*Recorded information:*
BEGIN

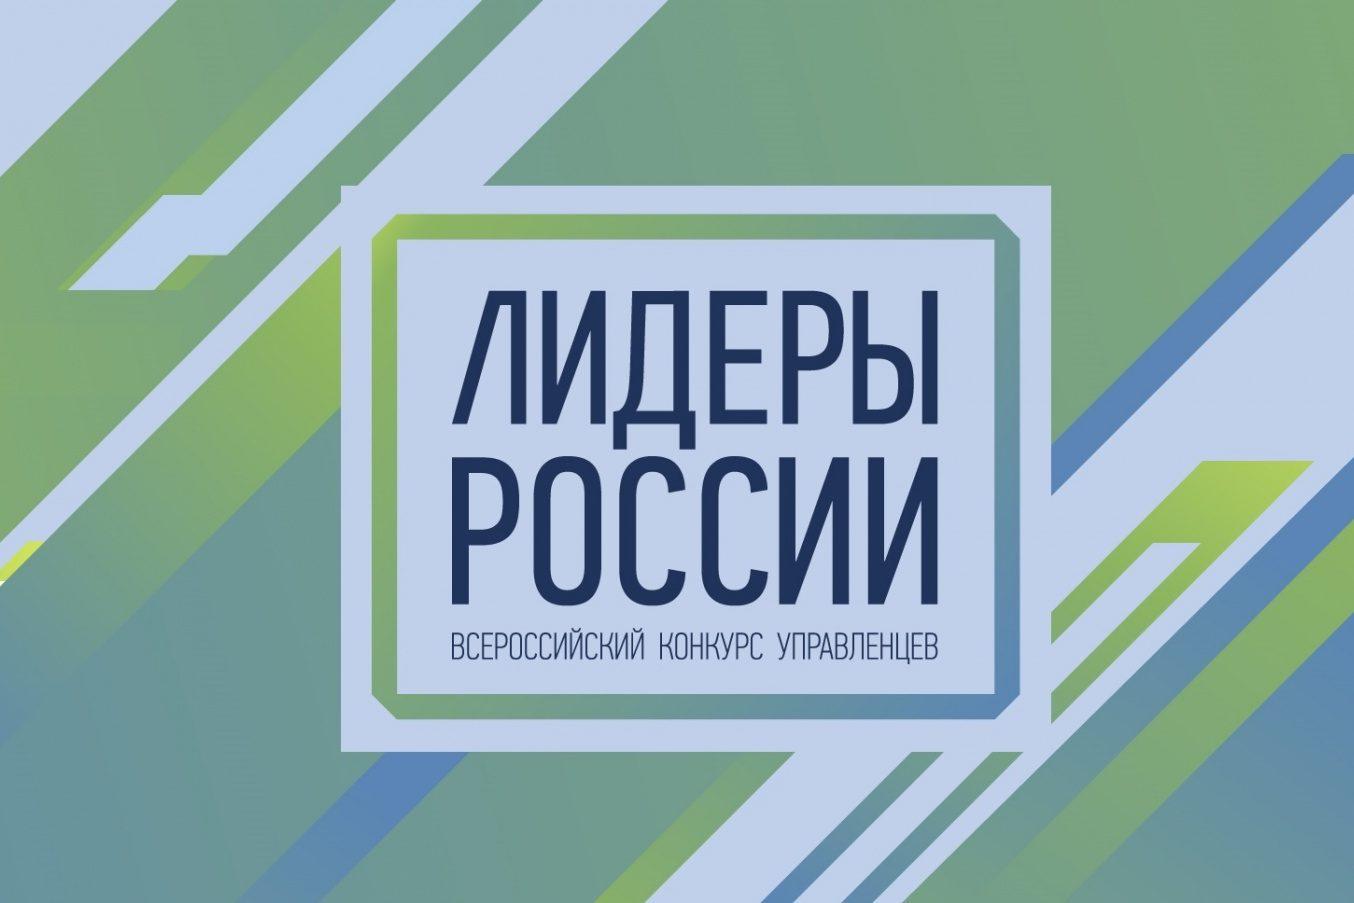 На конкурс «Лидеры России. Политика» заявилось более 8200 человек, в том числе от Тверской области
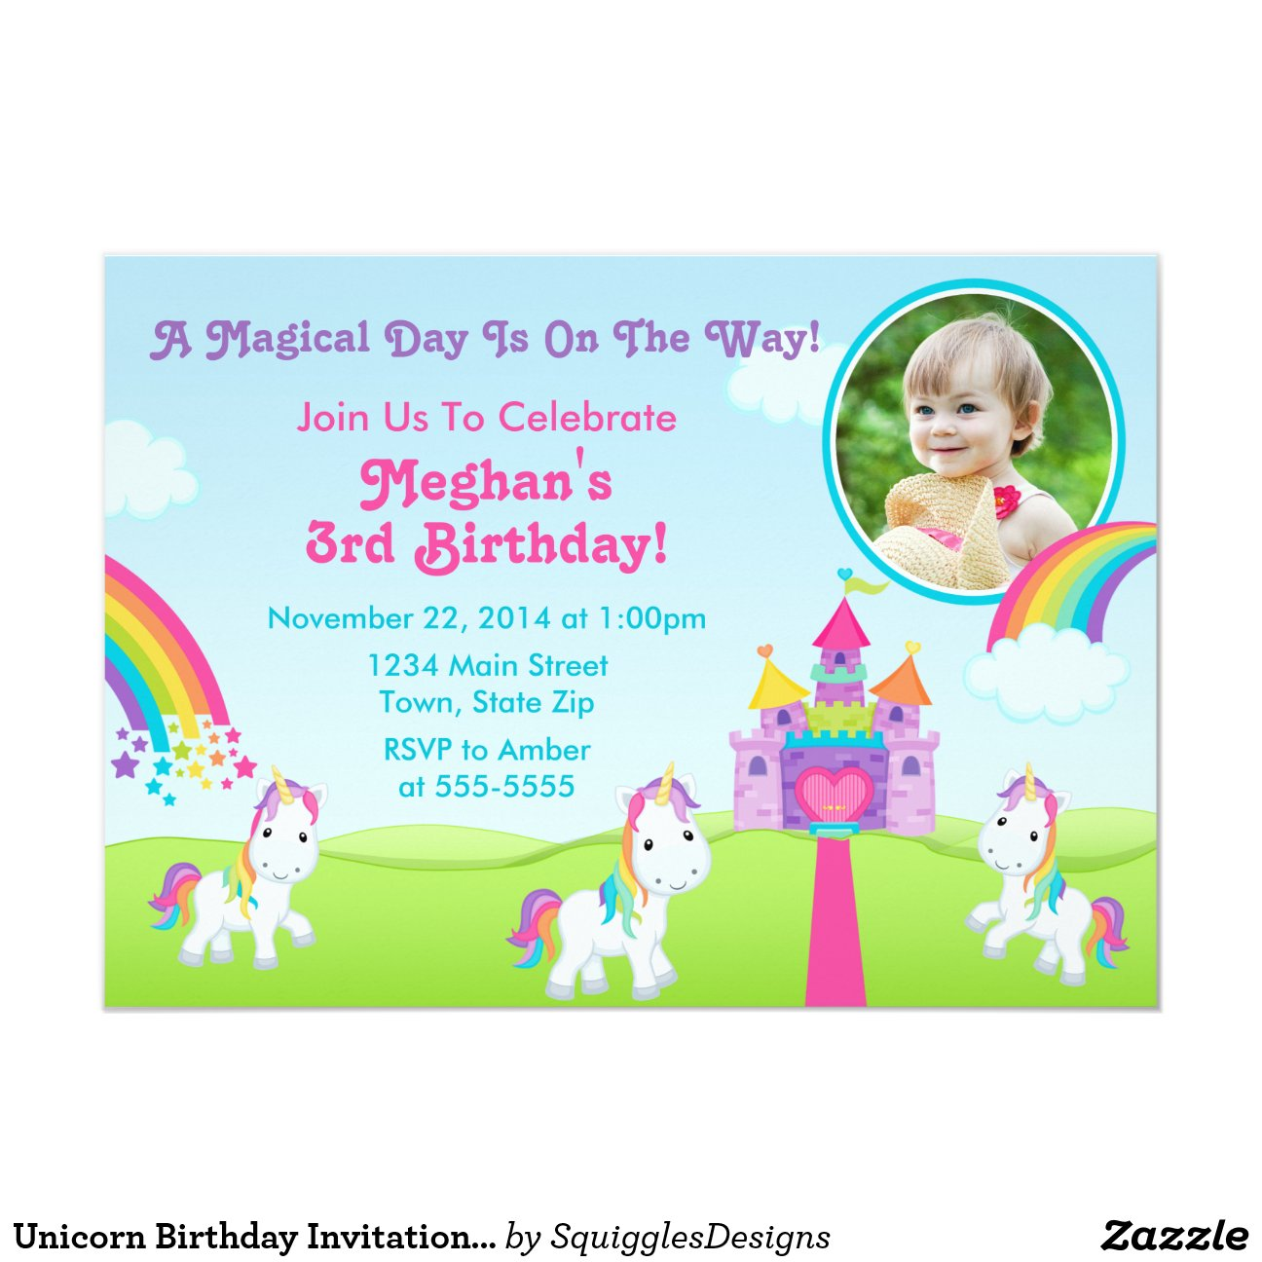 Unicorn Birthday Invitation for adorable invitations template
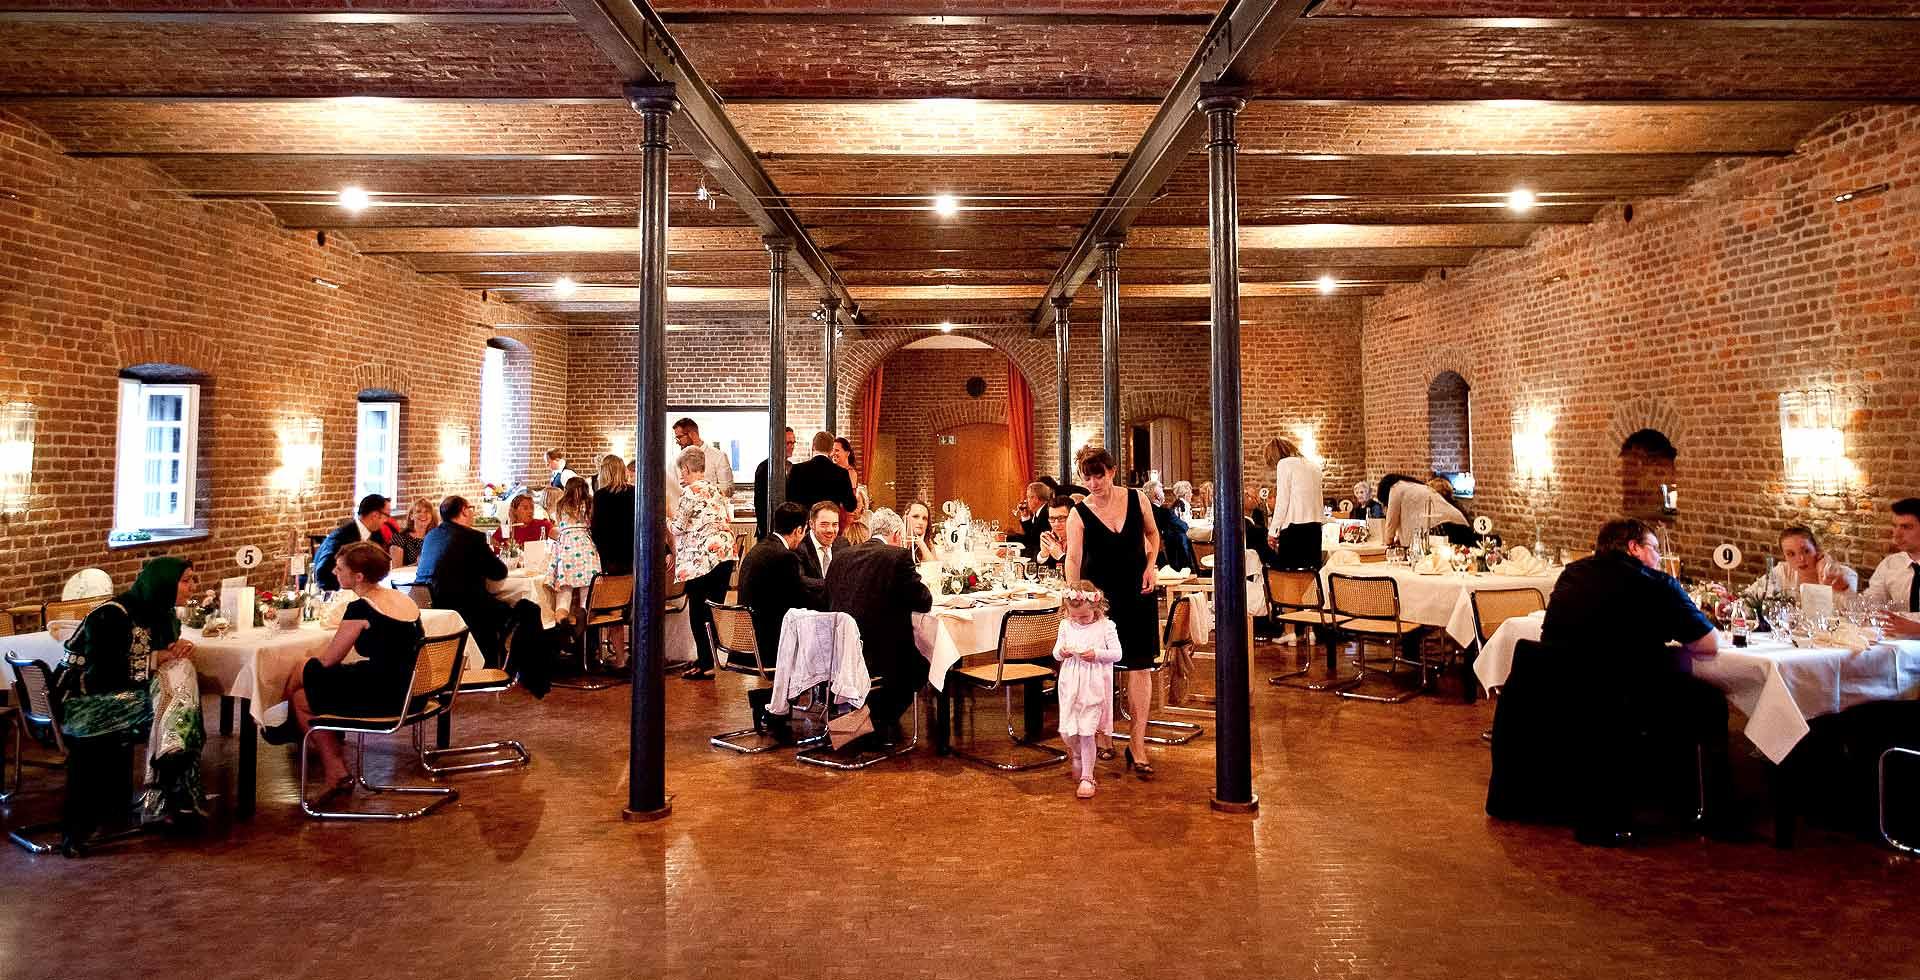 Schloss-Gracht-Feiern-Wp-2

END

Please transcribe each line above exactly, but leave the images out.

 На конкурс «Лидеры России. Политика» заявилось более 8200 человек, в том числе от Тверской области
 Unicorn Birthday Invitation for adorable invitations template
 Schloss-Gracht-Feiern-Wp-2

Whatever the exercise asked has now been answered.